Just before Christmas, the spirits to whiskey supplier downgraded its forecast for the year as a result of cash-strapped Latin American and Caribbean shoppers steering clear of top-shelf liquor.

“Macroeconomic pressures in the region are resulting in lower consumption and consumer downtrading,” the company said at the time.

“We now expect organic operating profit growth for the first half of fiscal 2024 to decline compared with the first half of fiscal 2023.”

The region makes up nearly 11 per cent of Diageo’s net sales value.

Diageo, whose long-serving boss Sir Ivan Menezes died unexpectedly last June, did however say it was seeing continued momentum in European and Asia Pacific markets.

The firm’s struggles to shift top-level alcohol in the US are not isolated.

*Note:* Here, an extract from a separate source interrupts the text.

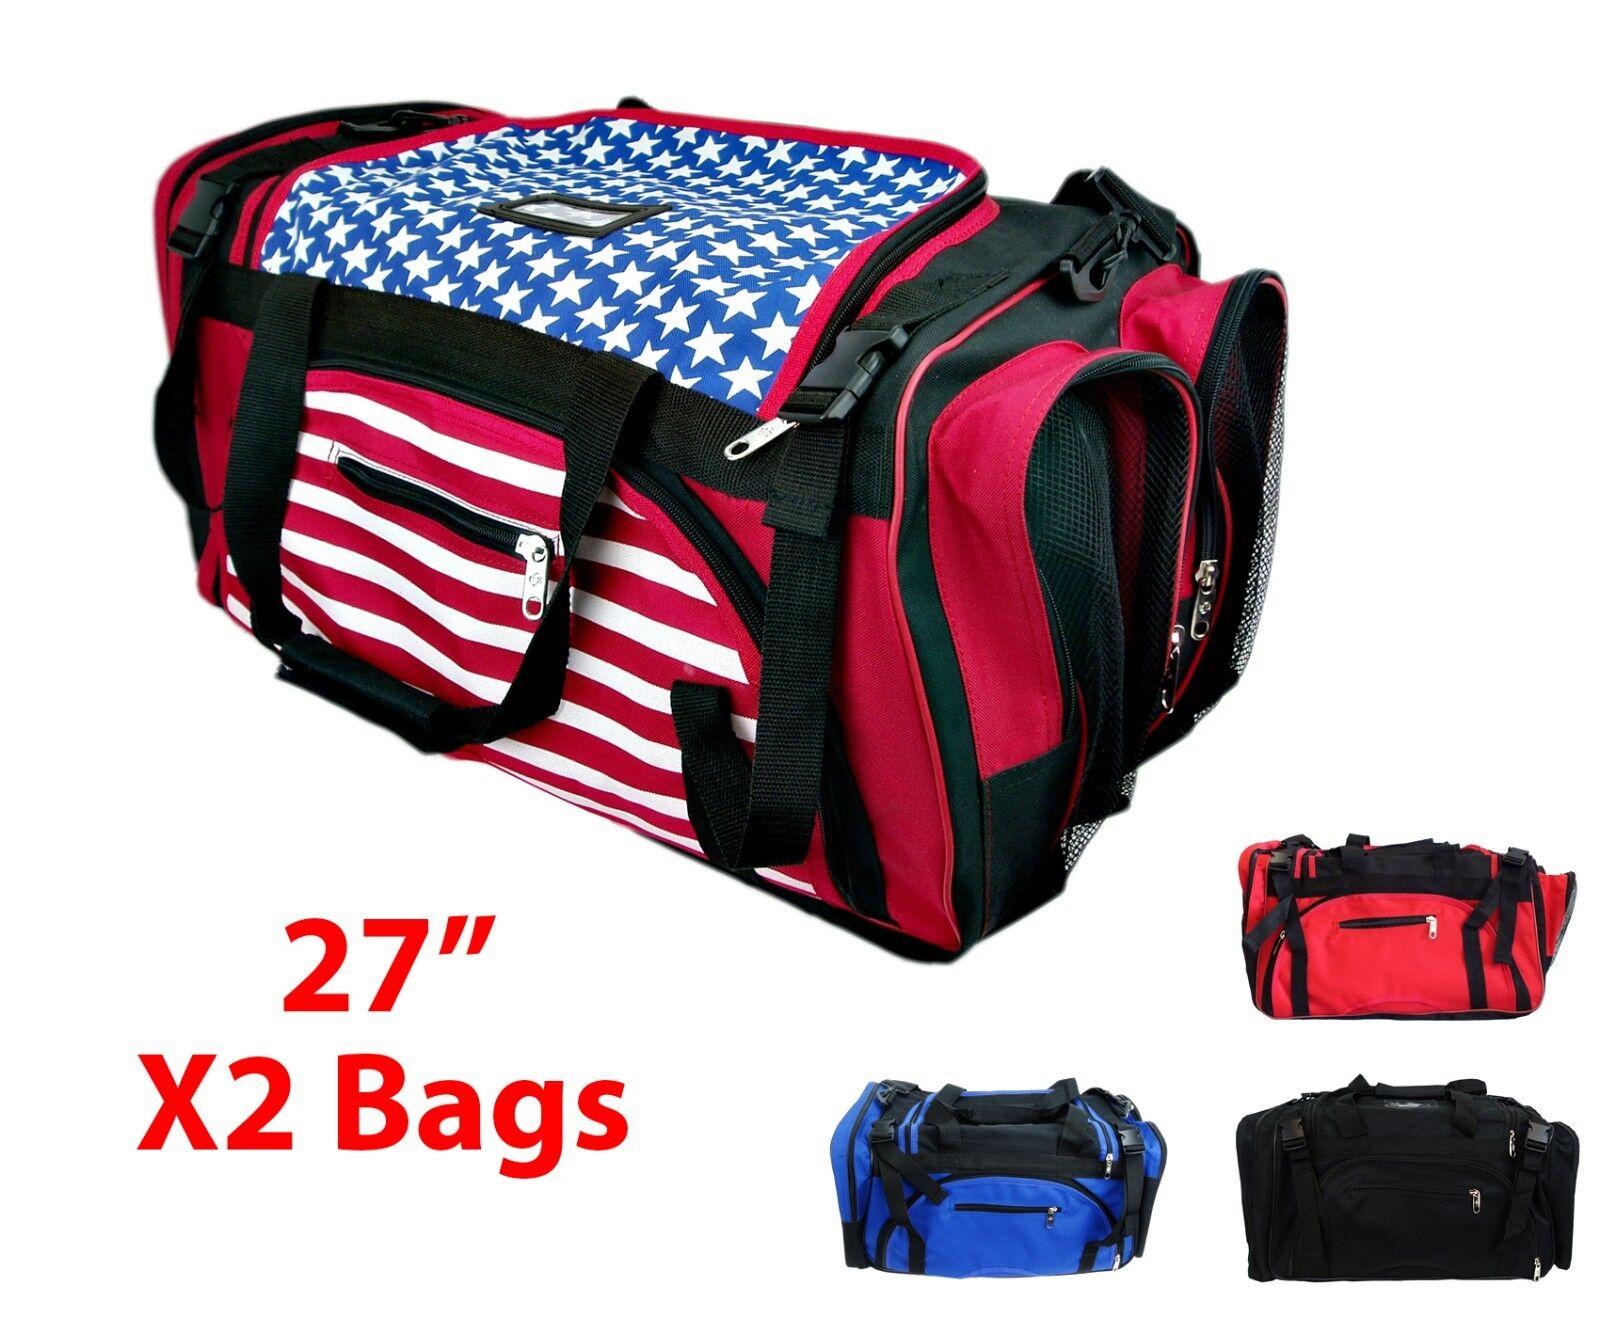 X2  Equipment Gear Bag Taekwondo Karate MMA Martial Arts Deluxe 27  Travel Bag  100% brand new with original quality

Back in October LVMH said its wine and spirits division continued to struggle with revenues down 10 per cent year-on-year to €4.6bn (£3.7bn).

Sales for its Hennessy cognac, which goes for around £40 per bottle, were particularly impacted by the challenging economic environment in the US.

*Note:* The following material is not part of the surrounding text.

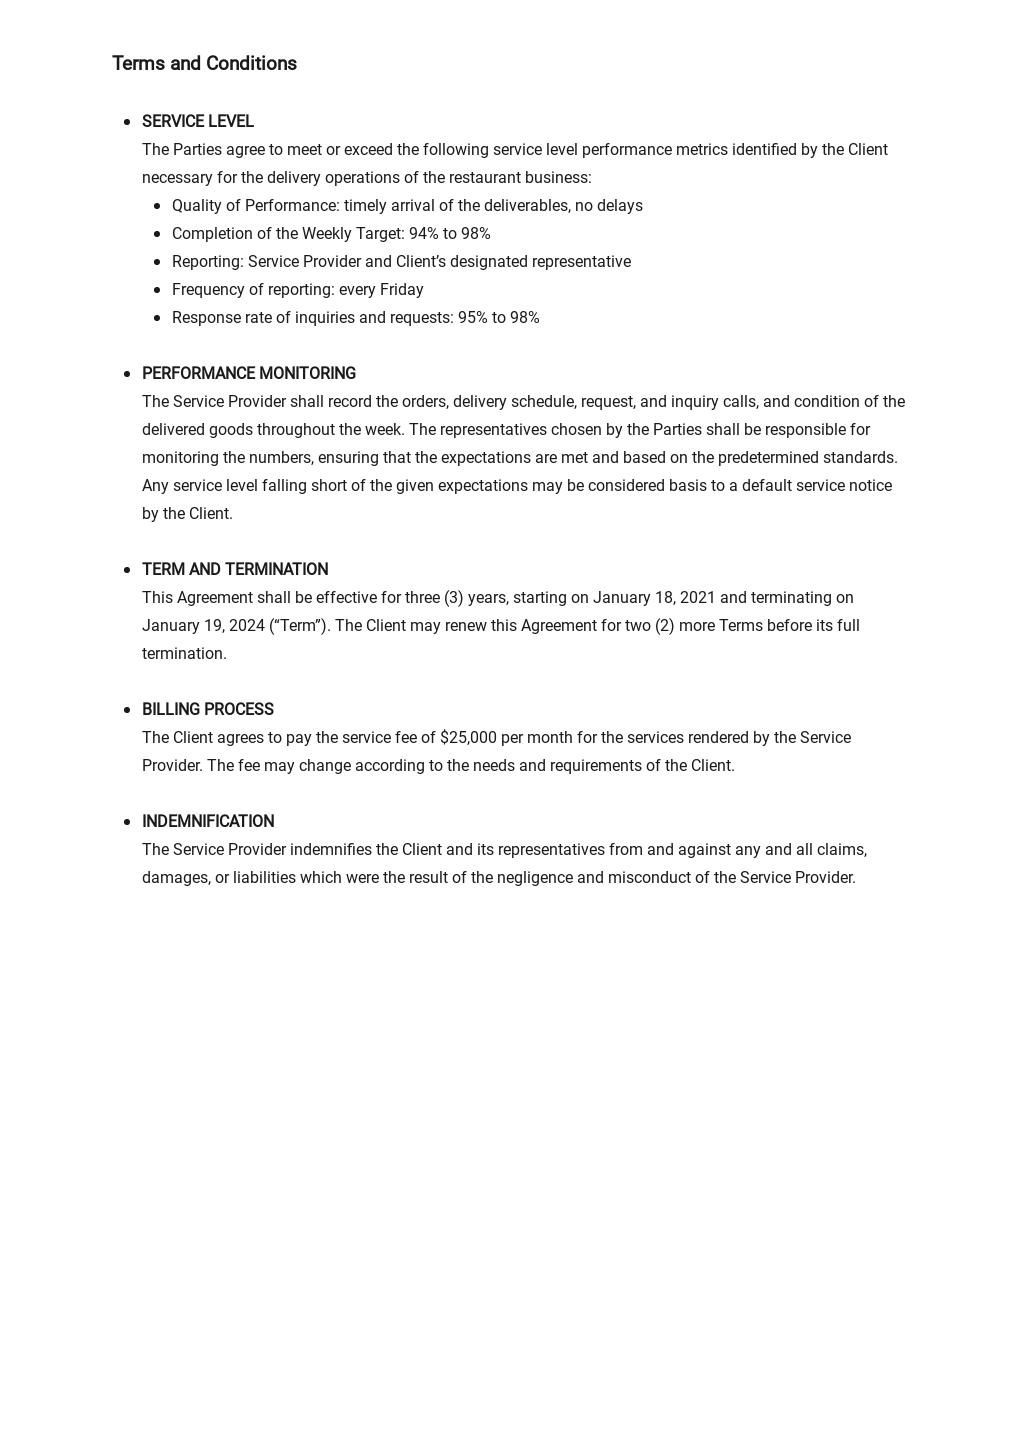 Restaurant Service Level Agreement Template 2.jpe
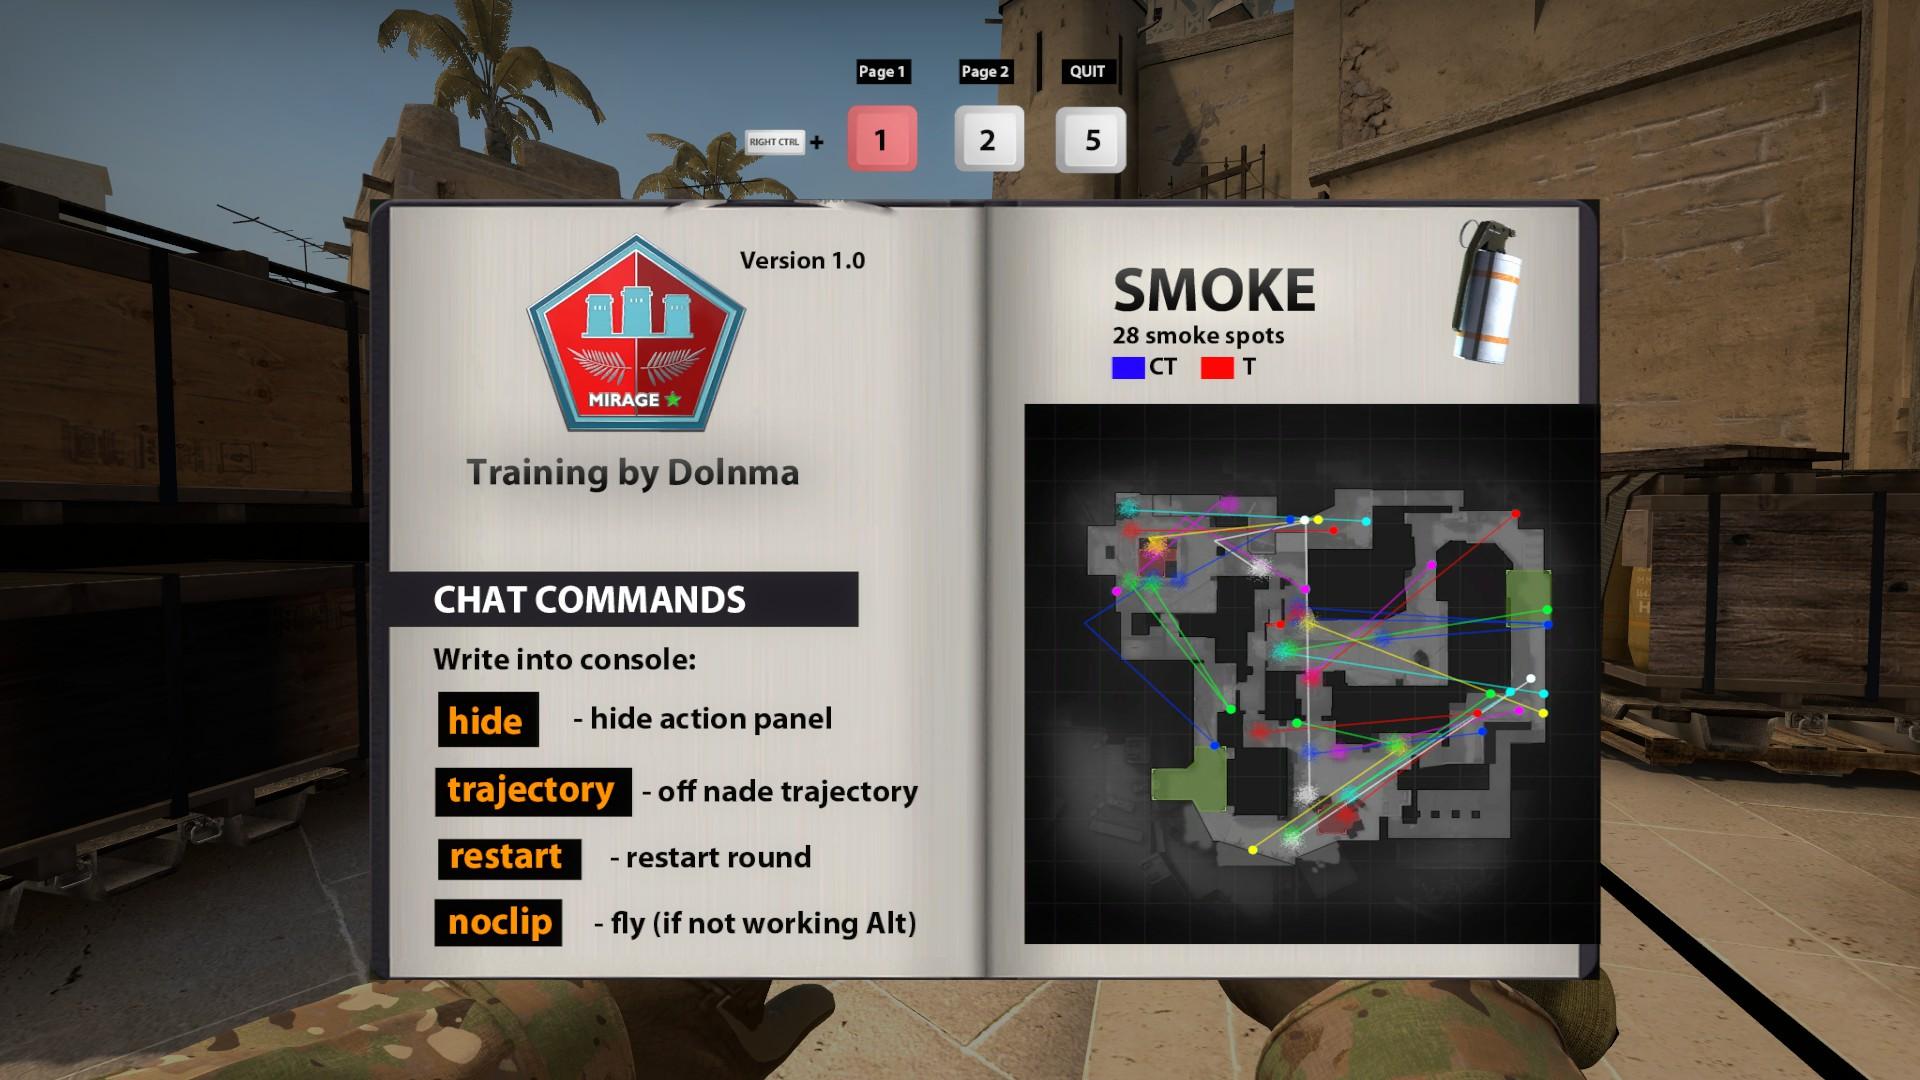 Steam Workshop :: Mirage Training by Dolnma

Analysts at Jefferies have been flagging this slowdown, describing it as a “normalisation after two years of strong growth”.

They explained: “Between 2020-22, the US spirits industry grew circa eight per cent vs pre-pandemic run-rate of 4-5 per cent.”

“The industry is currently going through a period of normalisation to circa two per cent.”

“2024 is also likely to be a year of growth below med-term 4-5 per cent with spirits-based ready-to-drinks weighing on distilled spirits growth, alongside increased promo activity,” they added.